The oldest and most influential think tank in Turkey is ESAM (The Center for Economic and Social Research; ) which was established in 1969 and has headquarters in Ankara. There are also branch offices of ESAM in Istanbul, Bursa, Konya and elsewhere. ESAM has strong international relationships, especially with Muslim countries and societies. Ideologically it performs policies, produces ideas and manages projects in parallel to Milli Görüş and also influences political parties and international strategies. The founder and leader of Milli Görüş, Necmettin Erbakan, was very concerned with the activities and brainstorming events of ESAM. In The Republic of Turkey, two presidents, four prime ministers, various ministers, many members of the parliament, and numerous mayors and bureaucrats have been members of ESAM. Currently the General Chairman of ESAM is Recai Kutan (former minister for two different ministries, former main opposition party leader, and founder and General Chairman of the Saadet Party).
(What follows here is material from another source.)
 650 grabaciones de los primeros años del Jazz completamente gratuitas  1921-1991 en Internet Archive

The Turkish Economic and Social Studies Foundation (TESEV) is another leading think thank. Established in 1994, TESEV is an independent non-governmental think tank, analyzing social, political and economic policy issues facing Turkey. TESEV has raised issues about Islam and democracy, combating corruption, state reform, and transparency and accountability. TESEV serve as a bridge between academic research and policy-making. Its core program areas are democratization, good governance, and foreign policy.
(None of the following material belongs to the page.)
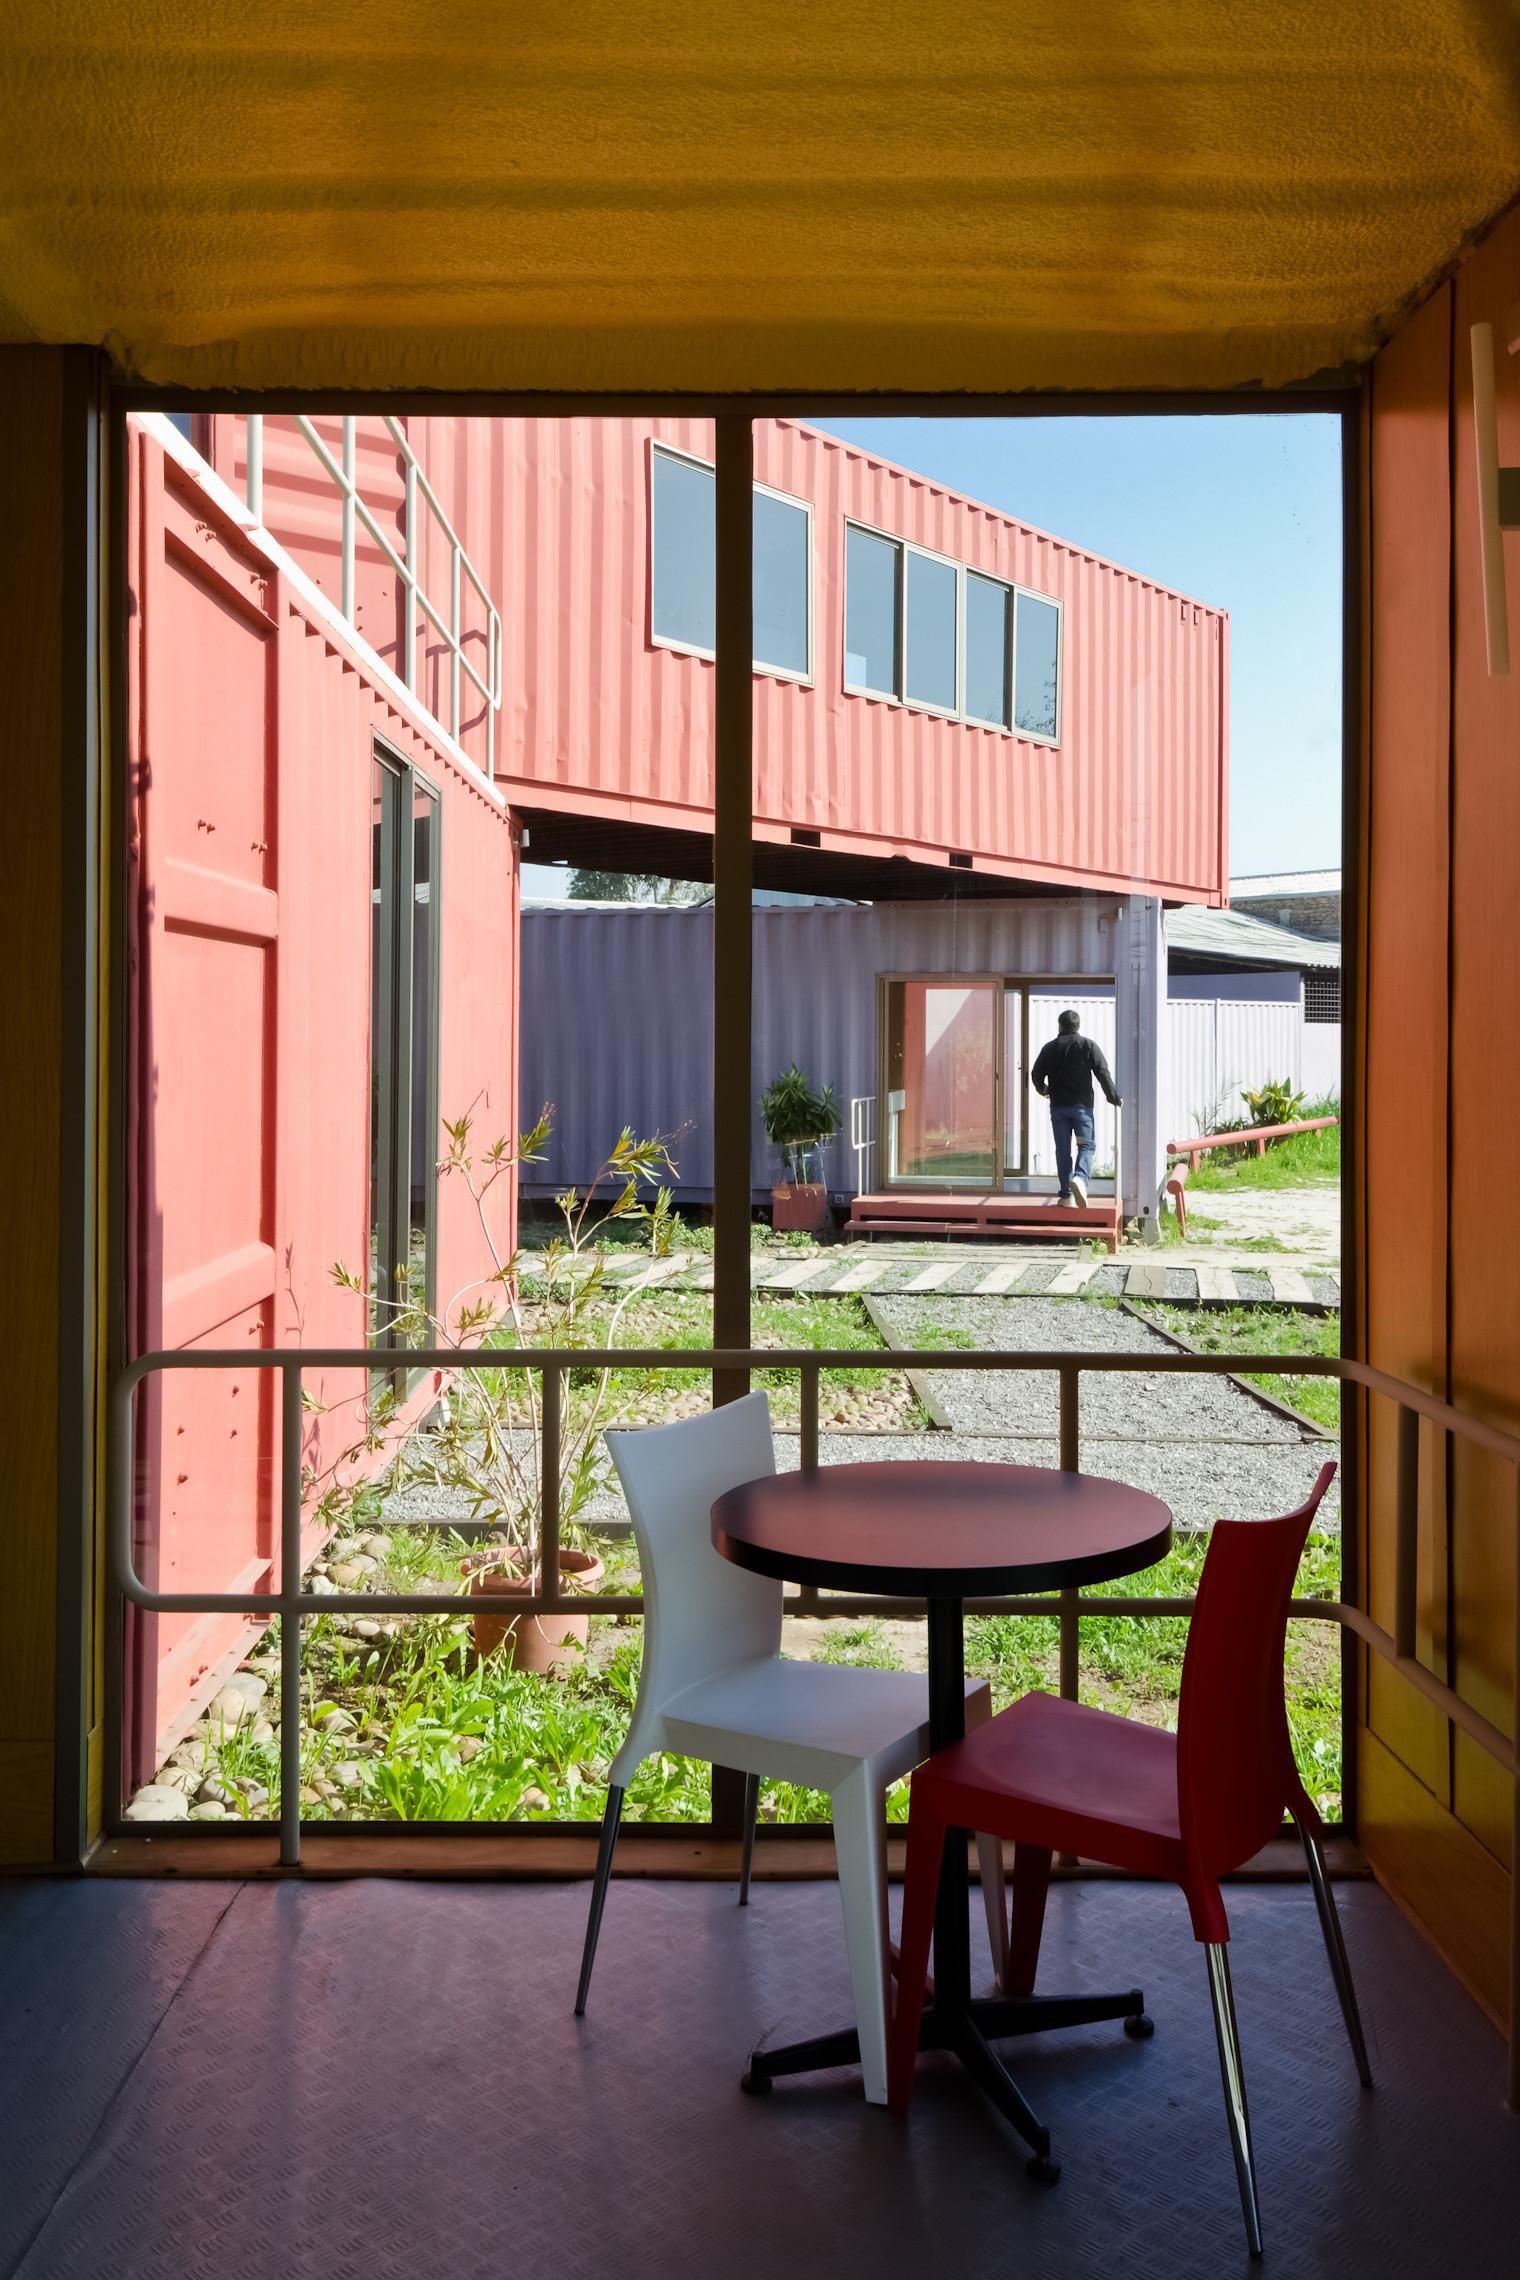 Gallery of muebles gacitua dx arquitectos 4 - Muebles guadix ...

Other notable Turkish think tanks are the International Strategic Research Organisation (USAK),  the Foundation for Political, Economic and Social Research (SETA), and the Wise Men Center for Strategic Studies (BİLGESAM).

North American think tanks

Canada 

Canada has many notable think tanks (listed in alphabetical order). Each has specific areas of interest with some overlaps.

 Asia Pacific Foundation of Canada
 Atlantic Institute for Market Studies
 Broadbent Institute
 C.D. Howe Institute
 Caledon Institute of Social Policy
 Canada West Foundation
 Canadian Centre for Policy Alternatives
 Canadian Global Affairs Institute
 Canadian Institute for Advanced Research
 Canadian International Council
 Canadian Policy Research Networks (disbanded)
 Canadian Tax Foundation
 Cardus
 Centre for International Governance Innovation
 Conference Board of Canada
 Council of Canadians
 Fraser Institute
 Frontier Centre for Public Policy
 Institute for Quantum Computing
 Institute for Research on Public Policy
 Institute on Governance
 International Institute for Sustainable Development
 International Policy Forum
 Montreal Economic Institute
 Mowat Centre for Policy Innovation
 National Citizens Coalition
 North-South Institute
 Parkland Institute
 Pembina Institute
 Perimeter Institute for Theoretical Physics
 Public Policy Forum

Mexico 
CIDAC – The Center of Research for Development (Centro de Investigación para el Desarrollo, Asociación Civil) is a not-for-profit think tank that undertakes research and proposes viable policy options for Mexico's economic and democratic development. The organization seeks to promote open, pluralistic debate pursuing: the Rule of Law & Democracy, market economics, social development, and strengthening Mexico-United States relations.
CIDE – The Center of Research and Economics Teaching (Centro de Investigación y Docencia Económicas) is a think tank institute focussing on "public policies", "public choice", "democracy", and "economy".
COMEXI – The Mexican Council of International Affairs (Consejo Mexicano de Asuntos Internacionales).

United States 

As the classification is most often used today, the oldest American think tank is the Carnegie Endowment for International Peace, founded in 1910. The Institute for Government Research, which later merged with two organizations to form the Brookings Institution, was formed in 1916. Other early twentieth century organizations now classified as think tanks include the Hoover Institution (1919), The Twentieth Century Fund (1919, and now known as the Century Foundation), the National Bureau of Economic Research (1920), the Council on Foreign Relations (1921), and the Social Science Research Council (1923). The Great Depression and its aftermath spawned several economic policy organizations, such as the National Planning Association (1934), the Tax Foundation (1937), and the Committee for Economic Development (1943).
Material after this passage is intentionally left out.